Advanced Troubleshooting of Hyper-V Replica – Part 1

Table of contents

Troubleshooting issues with the Hyper-V Replica requires extensive knowledge of the technology. Not only you need to have knowledge but you must also be able to follow a troubleshooting approach which helps you fix the issues and also benefits in finding the root cause. This is what I intend to explain throughout the articles of “Advanced Troubleshooting of Hyper-V Replica” series.

Before you start reading the first part of this article series, please familiarize yourself with the Hyper-V Replica technology by reading a few Hyper-V Replica articles published on this blog. You must also know how to perform a Hyper-V replication health check. I have written a series of articles on this topic, which can be found here:

I’ve also written an in-depth series entitled Hyper-V Replica Explained.

You can encounter a number of issues with the Hyper-V Replica. For example, a virtual machine might fail to replicate its contents to Replica Server due to the network connectivity. Similarity, replication might not occur if a firewall or a network device is blocking the required network ports. This article explains what you should do if a particular condition occurs.

Connection or Authentication Issue between Primary and Replica Server

There are two types of authentication supported by the Hyper-V Replica; “Certificate-based” and “Active Directory-based”. Both Primary and Replica Server might not communicate because of authentication issues. Your first task is to test the replication connection between the Primary and Replica Server by using the Test-VMReplicationConnection PowerShell cmdlet.

Test-VMReplicationConnection offers a few parameters which you can use to perform other checks but if you need to quickly test the connection between a Primary and a Replica Server then execute the below command or as it is shown in the below screenshot:

  • Test-VMReplicationConnection <Replica Server Name with FQDN> 80 Kerberos

The above command tests the connection between the local server (which is acting as Primary Server) and Replica Server (HV-2012R2-B.Hyperv.Local) over network port 80 using the Kerberos authentication protocol (which is Active Directory-based authentication mechanism for Hyper-V Replica).

If you are using Certificate-based authentication, you can change the above command by including the “AuthenticationType” parameter and then specify “Certificate” as the authentication type for cmdlet to test the connection with Hyper-V Replica Server using certificates.

As you can see in the above screenshot, the error returned is “The operation timed out” for the Replica Server.

Test-VMReplicationConnection cmdlet does not provide specific error messages rather it provides generic error message which is “The operation timed out” in this case.

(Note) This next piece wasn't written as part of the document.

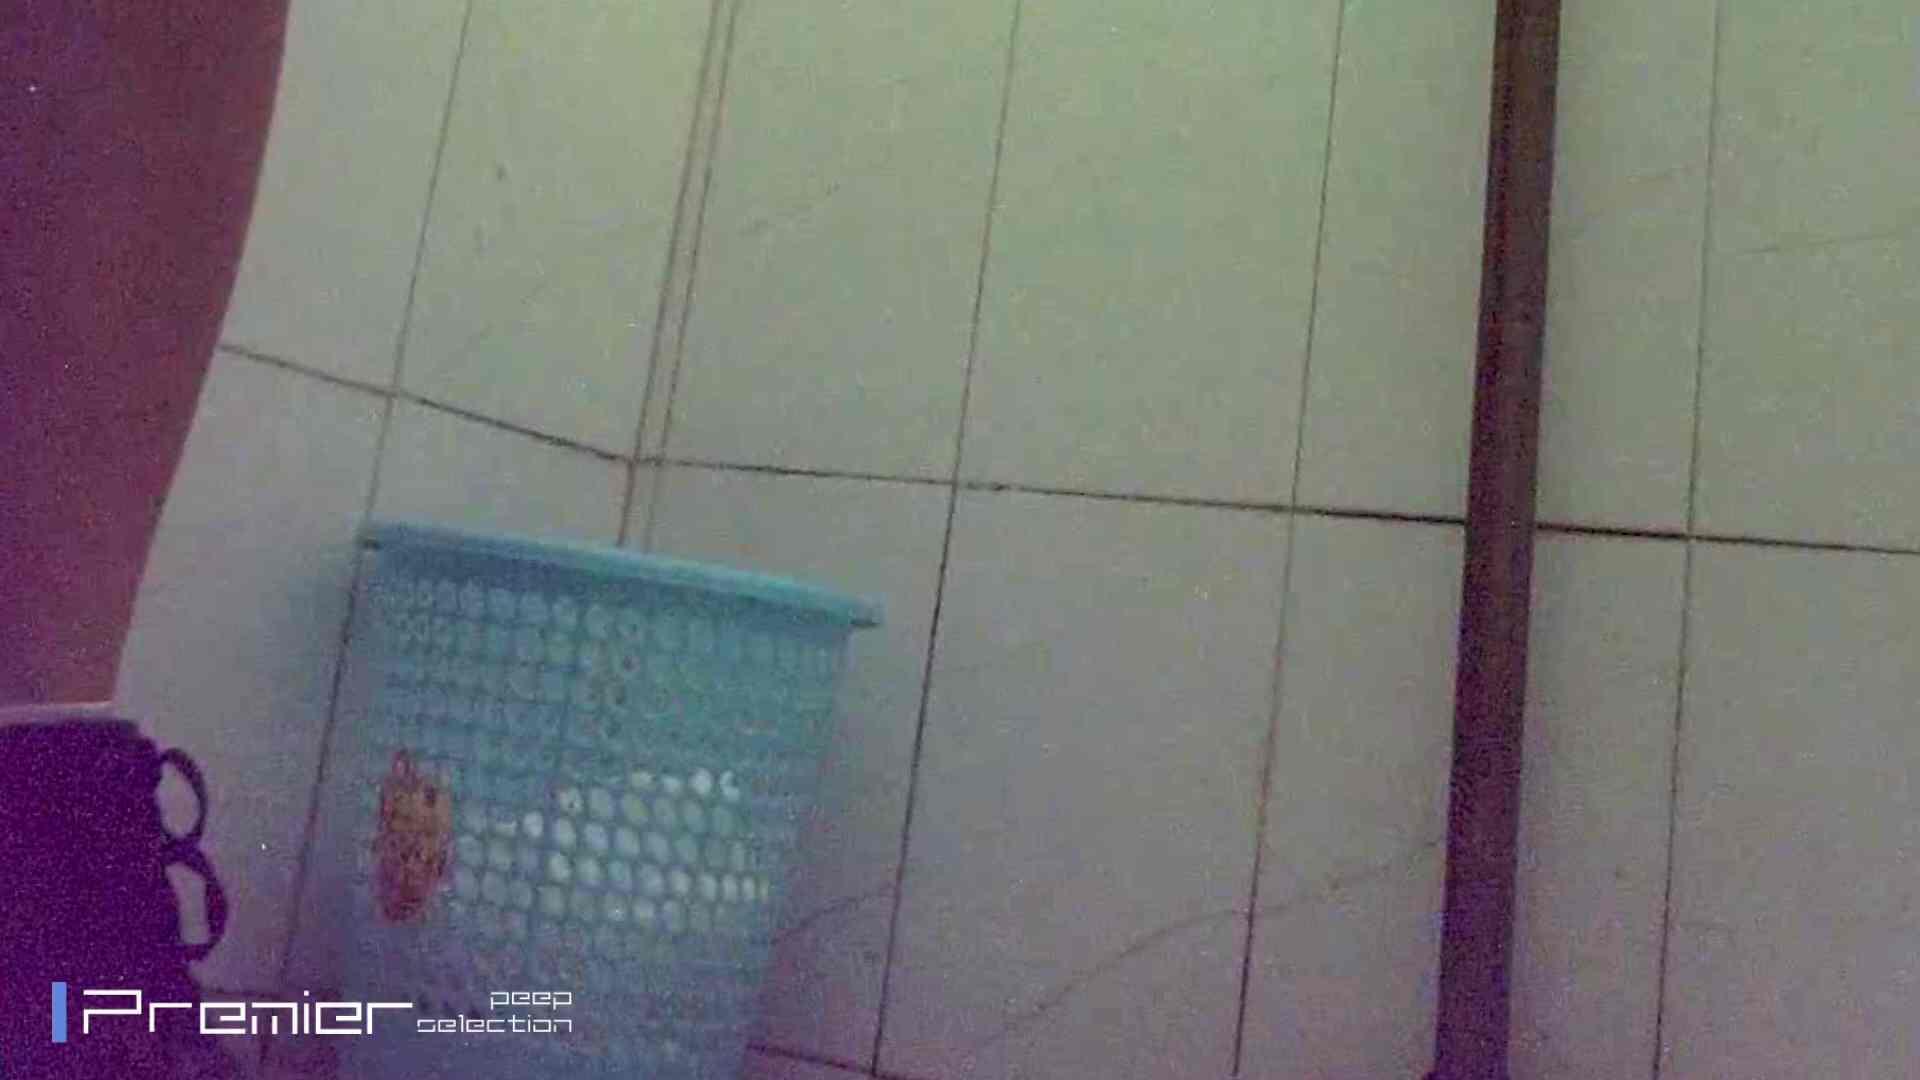 トイレシーンを密着盗撮!! 美女の痴態に密着!Vol.29 盗撮 ワレメ動画紹介 69PIX 3

The same error is reported in the Event Viewer also. If you look at the Event Viewer (expand Application and Services Logs | Microsoft | Windows | Hyper-V-VMMS, and click on Admin), you will see the event message similar to message reported by the Test-VMReplicationConnection cmdlet as shown in the below screenshot:

Your first task is to fix the connection issue between Primary and Replica Server, if any! To fix the connection issues, you can think of the following possibilities and then move ahead to troubleshoot the issue further:

1. Replica Server or Primary Server cannot communicate with Active Directory or the trust relationship for these two computer accounts has been broken. To verify the computer trust with Active Directory, you can use NLTEST with /SC_VERIFY switch. You need to run this command on both Primary and Replica Servers individually and make sure the output reported is similar to as shown in the below command window:

2. Replica Server or Primary Server is not authorized to access each other over the network. Please note both Primary and Replica Servers communicate over the network. They might fail to communicate if a Group Policy setting has been applied which prevents the network communication. You must check for “Access this computer from the network” Group Policy setting as shown in below screenshot which is taken from a Group Policy Object:

The Group Policy Setting should contain the computer accounts of Primary and Replica Servers or at least make sure to add Authenticated Users security group which contains both computer accounts.

3. Misconfigured TCP/IP settings on Primary or Replica Server. Primary Server communicates with the Replica Server using the FQDN. The FQDN is resolved by querying the DNS Server. In case of misconfigured DNS Server in the TCP/IP settings of Primary Server, the Primary Server might not be able to resolve the FQDN to an IP Address. In case of the name resolution issues, an event will be generated in the Event Viewer as shown in the below screenshot:

For Event ID 32022, it shows the Hyper-V Replica server could not be resolved. You can actually use Ping and NSLookup commands to test the connectivity and name resolution.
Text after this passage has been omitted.